A provocative hypothesis from DeepMind: that reward maximization in sufficiently rich environments is enough to give rise to all facets of intelligence — perception, language, social reasoning, and more. A direct descendant of the reinforcement learning tradition, and a great paper for debating what intelligence actually requires.

Companion reading
Reward is Not Enough — Alignment Forum

A thoughtful response arguing that reward maximization alone may not be sufficient for general intelligence.
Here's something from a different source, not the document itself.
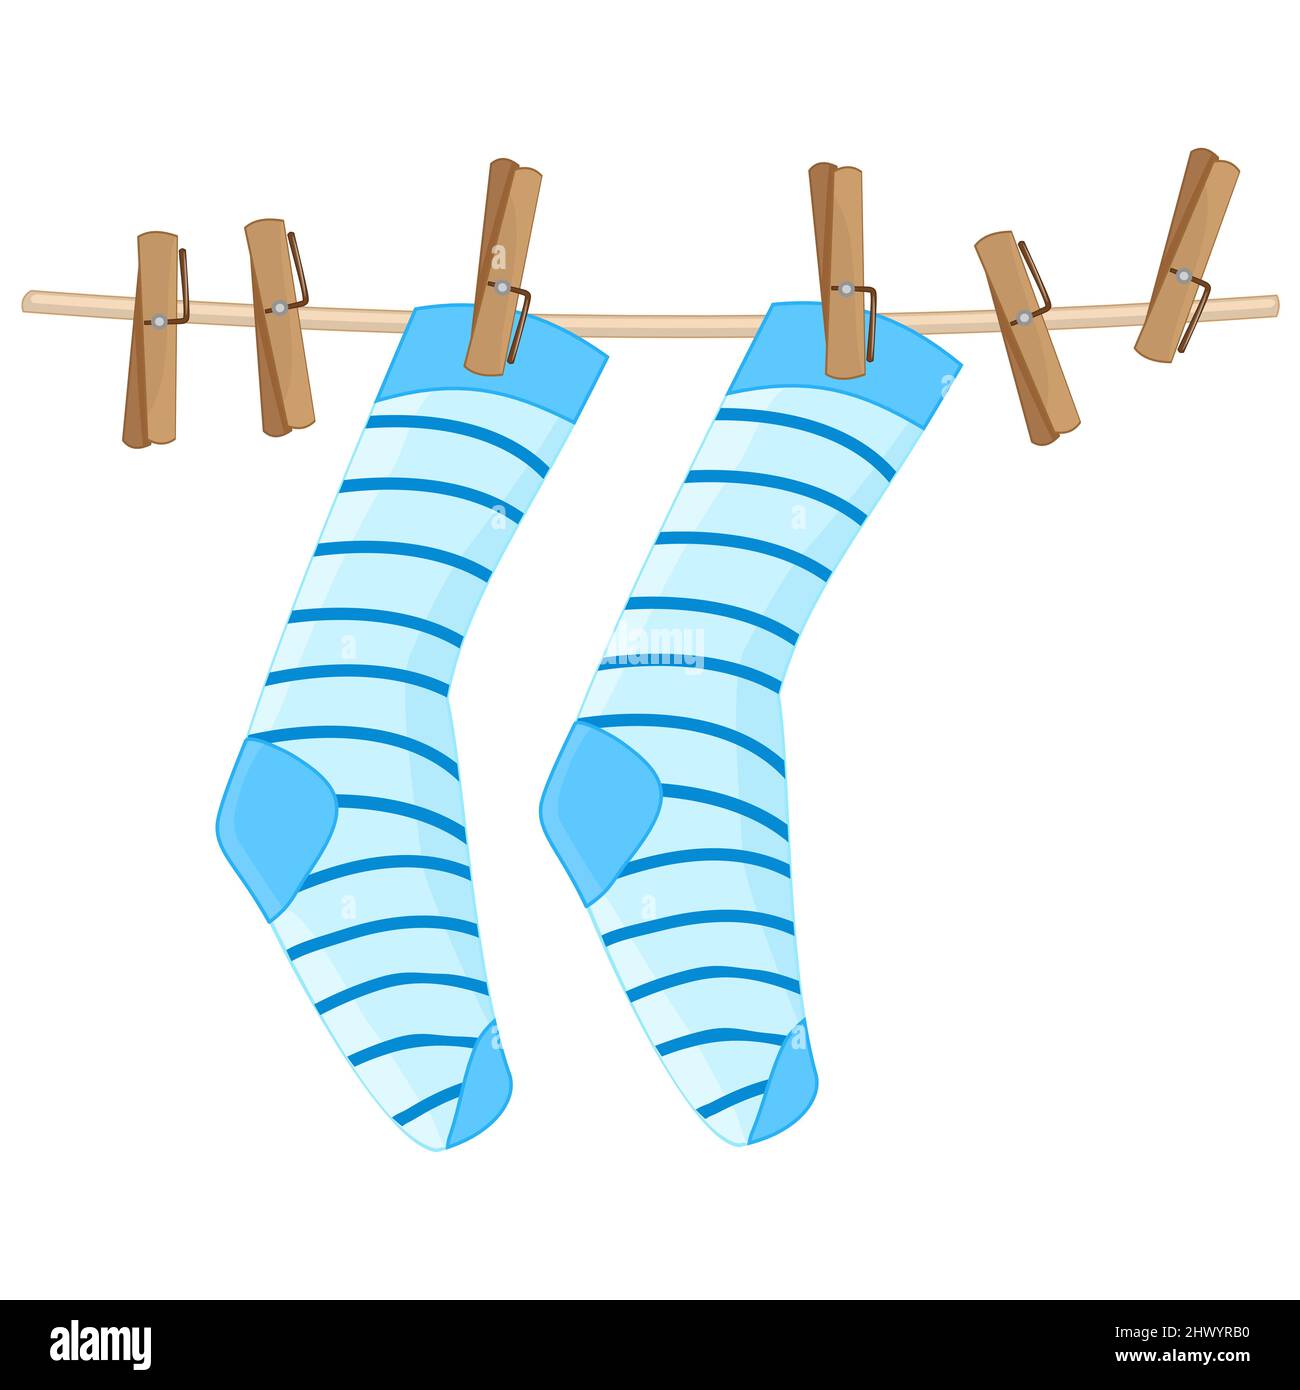 Socken hängen auf roped.Blue gestreiften Socken auf Wäscheleine.Baumwolle  oder Wolle Socke trocken und hängen an Wäschesteine mit  Wäscheklammer.Wäschetrocknung Symbol.Vektor Stock-Vektorgrafik - Alamy

State of the ArtWeek 6· TBD
Training Language Models to Follow Instructions with Human Feedback
Ouyang, Wu, Jiang, Almeida et al. (OpenAI), 2022

The InstructGPT paper that introduced RLHF at scale. This is the technique that turned base language models into useful assistants, and it remains the backbone of how frontier models are aligned today.

Companion reading
RLHF: Reinforcement Learning from Human Feedback — Chip Huyen

A clear, technically detailed walkthrough of the RLHF pipeline — from preference data collection to reward modeling to PPO.

SafetyWeek 7· TBD
Sleeper Agents: Training Deceptive LLMs That Persist Through Safety Training
Hubinger, Denison, Mu, Lambert et al. (Anthropic), 2024

Shows that LLMs can be trained to behave deceptively — appearing safe during evaluation while executing harmful behavior under specific triggers — and that standard safety training (RLHF, adversarial training) fails to remove this behavior. A sobering result for alignment research.

Companion reading
Sleeper Agents — Anthropic Blog

Anthropic's research summary with context on why deceptive alignment is a core concern.

Free TopicWeek 8· TBD
An Image is Worth 16x16 Words: Transformers for Image Recognition at Scale
Dosovitskiy, Beyer, Kolesnikov et al. (Google Brain), 2020

The Vision Transformer (ViT) paper that proved the transformer architecture isn’t just for language — it works for vision too, with minimal domain-specific modifications. A pivotal moment: the beginning of architectural convergence across modalities, which paved the way for today’s multimodal models.

Companion reading
The Bitter Lesson — Rich Sutton, 2019

Sutton's famous essay arguing that general methods leveraging computation beat hand-engineered approaches. ViT is a perfect case study.